◆ What is required ◆
Extract each line of the material that follows exactly and omit its pictures.

◆ Available data ◆
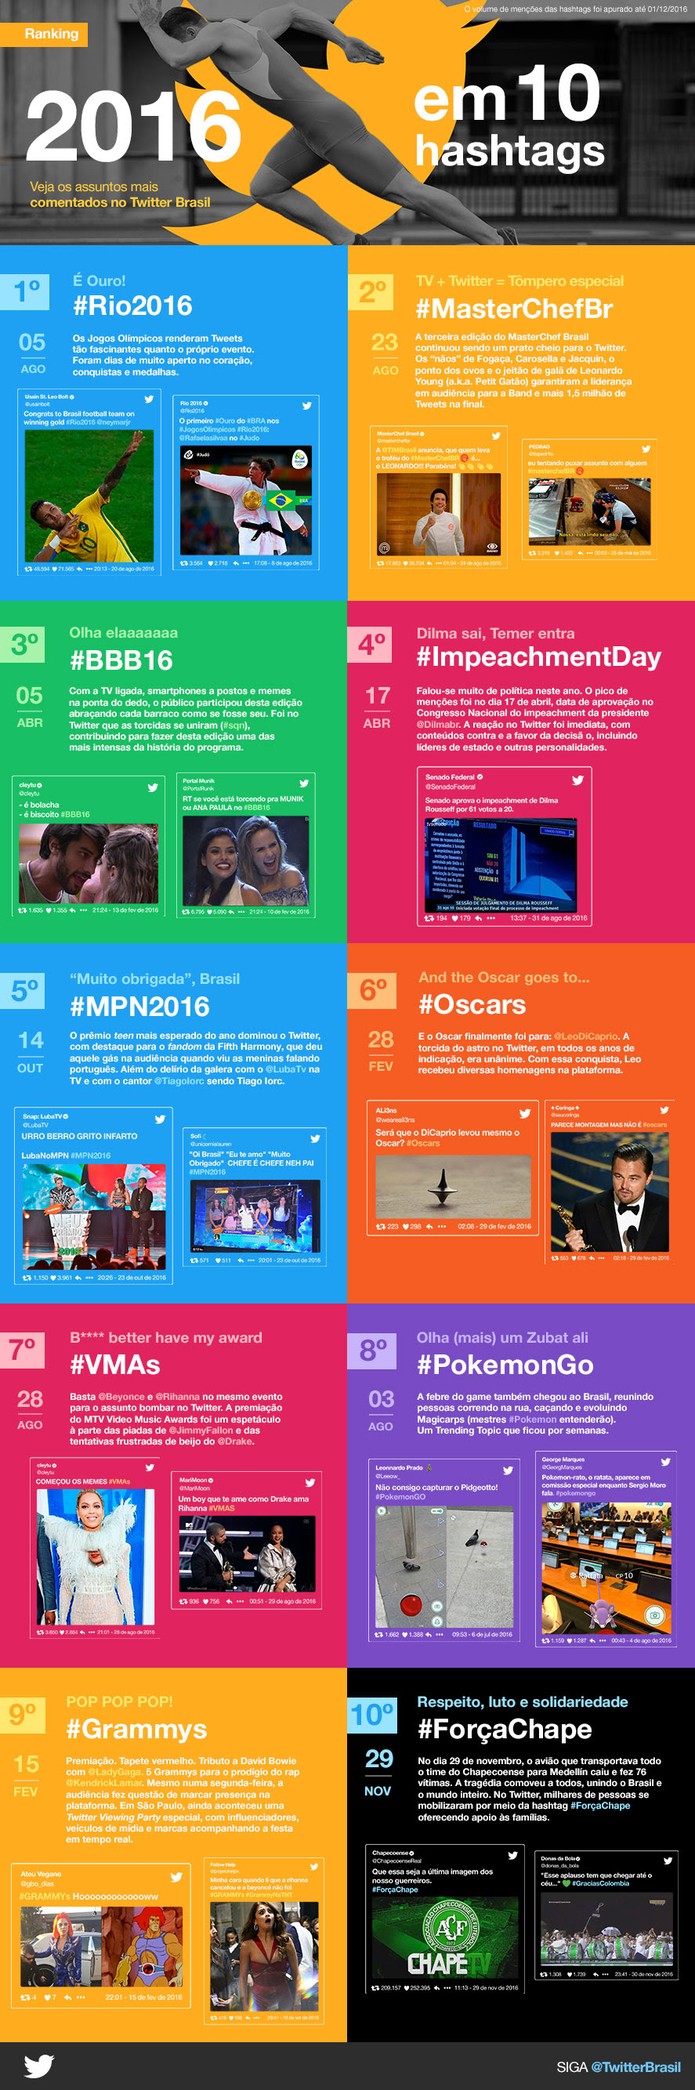 Twitter revela dados das hashtags mais importantes de 2016; veja lista (Foto: Divulgação/Twitter)
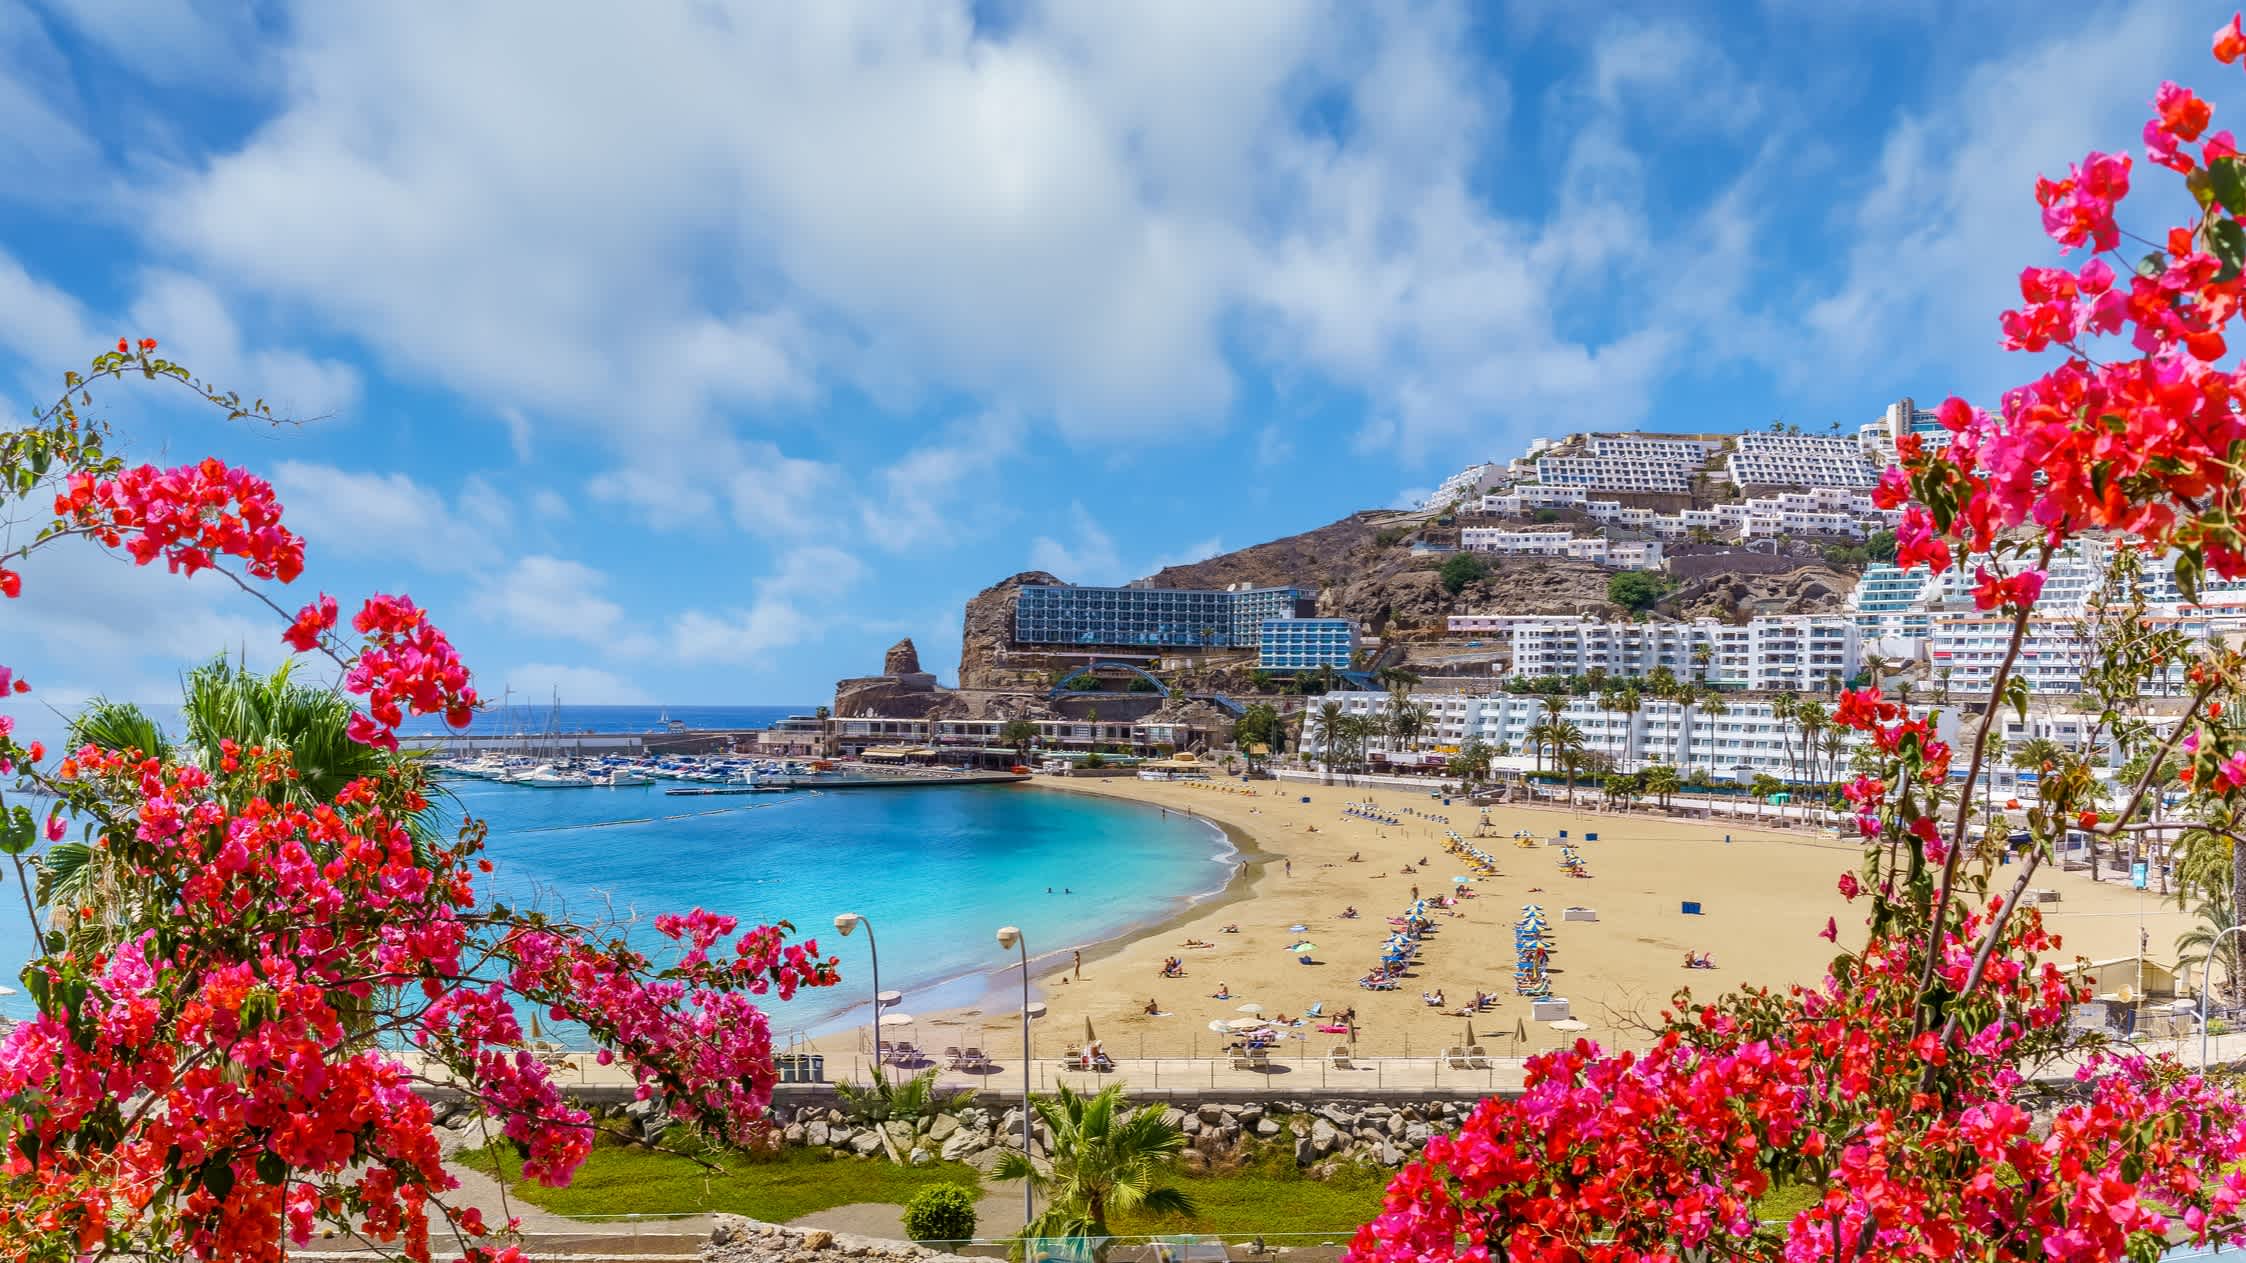 Blick auf die Bucht von Puerto Rico auf Gran Canaria mit Blumen im Vordergrund und Häusern
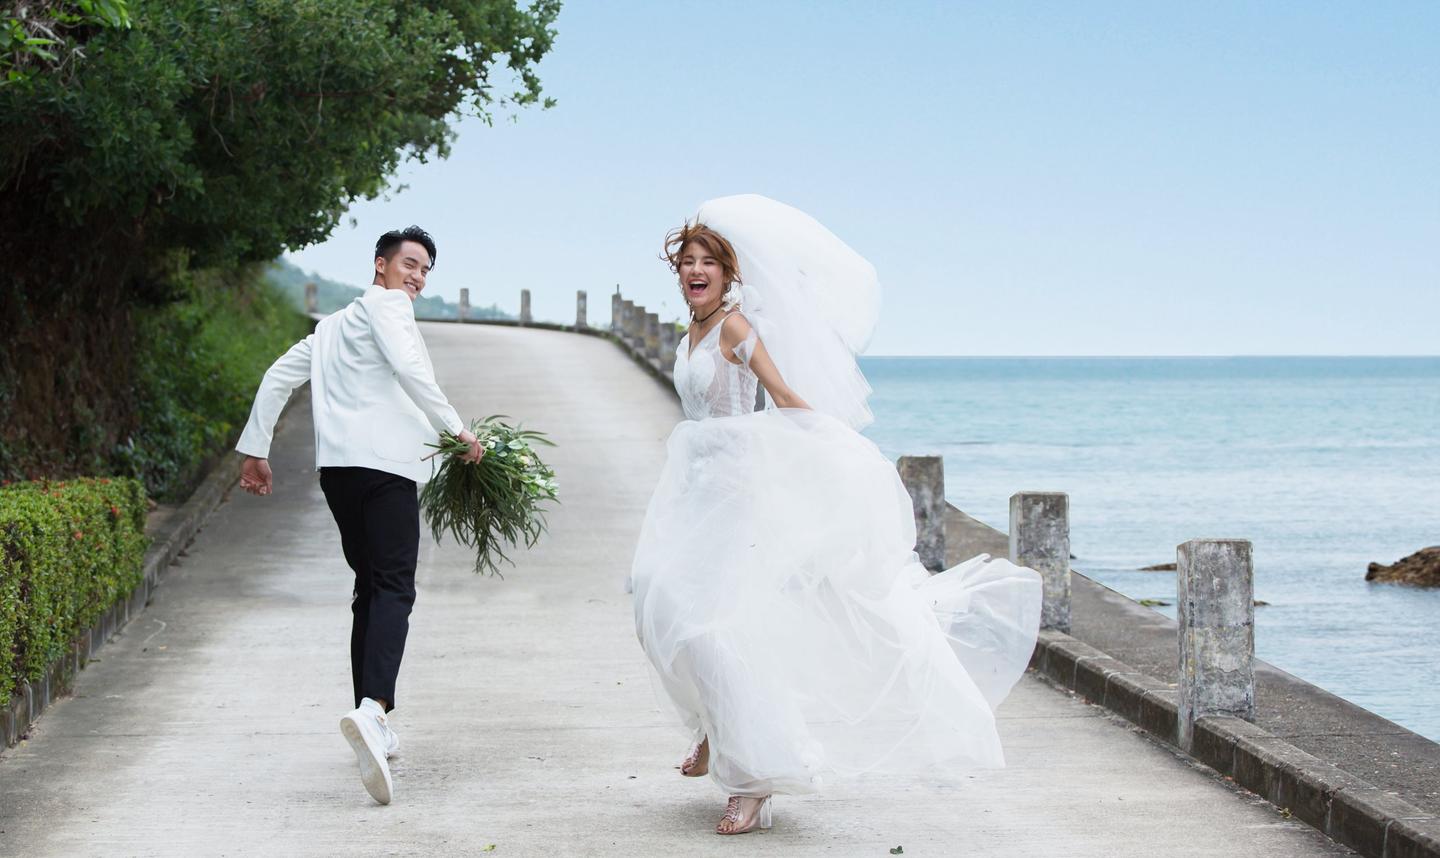 2020流行什么样的婚纱照主题,关于郑州婚纱摄影排名的

◆ Task solution ◆
 Twitter revela dados das hashtags mais importantes de 2016; veja lista (Foto: Divulgação/Twitter)
 Blick auf die Bucht von Puerto Rico auf Gran Canaria mit Blumen im Vordergrund und Häusern
 2020流行什么样的婚纱照主题,关于郑州婚纱摄影排名的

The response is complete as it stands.